Essar Energy, an Indian firm, bought into the refinery four years ago, at a cost of $7 million, but has indicated that it will accept $5 million now.
According to a statement on the company’s website, the move follows disappointing results from a series of studies into the technical, economical and funding elements of an upgrade of the refinery.
“The upgrade is not economically viable in the current refining environment,” read the statement.
Essar had planned to inject up to $ 450 million in the refinery.
Essar did not do enough
But Kenya’s Energy Cabinet Secretary, Davis Chirchir, faulted Essar for not playing their role as partners and presenting a feasibility study with a low internal rate of return.
“Even though the oil refinery is not processing any crude at the moment and it has had its issues, Essar Energy was not able to do their part as our technological partners,” he told Oil in Uganda by phone.
He maintained that the refinery would continue operations.
“Government will make informed decisions and get a strategic position in which to move forward,” he said.
Essar Energy has fully integrated oil & gas operations with strong international presence across the hydrocarbon value chain, from exploration and production to retail.

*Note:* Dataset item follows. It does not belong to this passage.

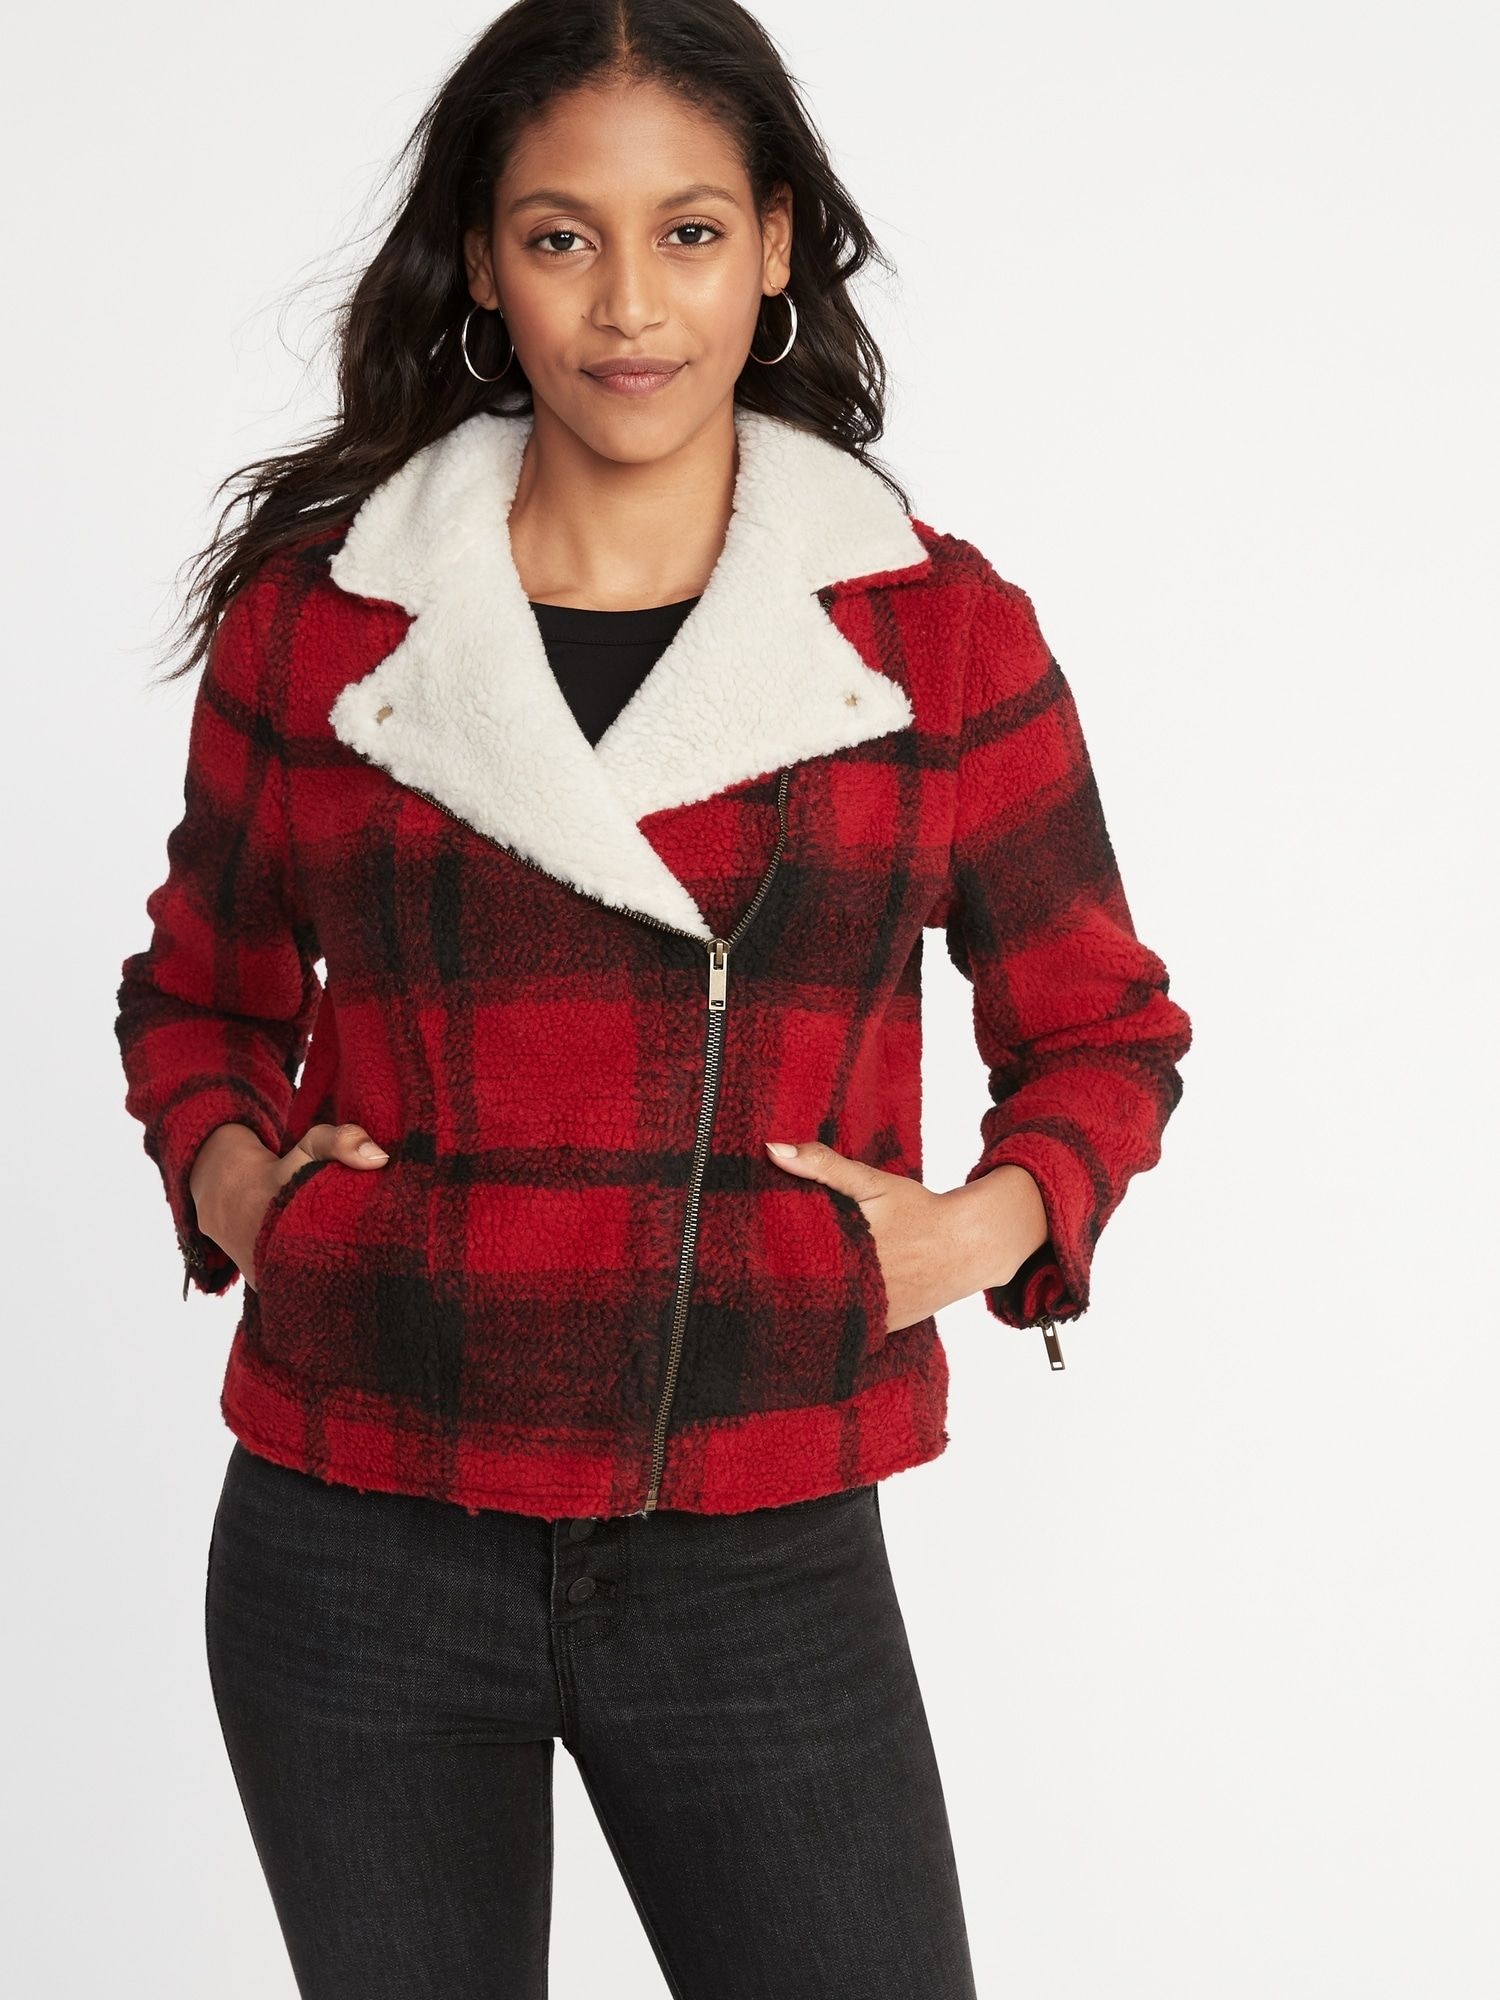 Plaid Sherpa Moto Jacket (With images) Fall fashion

It owns and operates India’s second largest refinery.
Some industry experts predict its withdrawal from Kenya will further jeopardise the future of an already troubled project.
“Essar’s experience would have come in handy during the upgrading process of the refinery,” notes Mwendia Nyanga, a Kenyan industry consultant.
“Kenya will need a technical partner who has dealt in refineries before and can match up with Essar Energy,” he added.
Meanwhile, Kenya, buoyed by recent oil discoveries in the Turkana area, is continuing with plans to construct another refinery in Lamu, where a $ 5.5 billion port will be built to accommodate its expected petroleum exports and those from South Sudan and Uganda.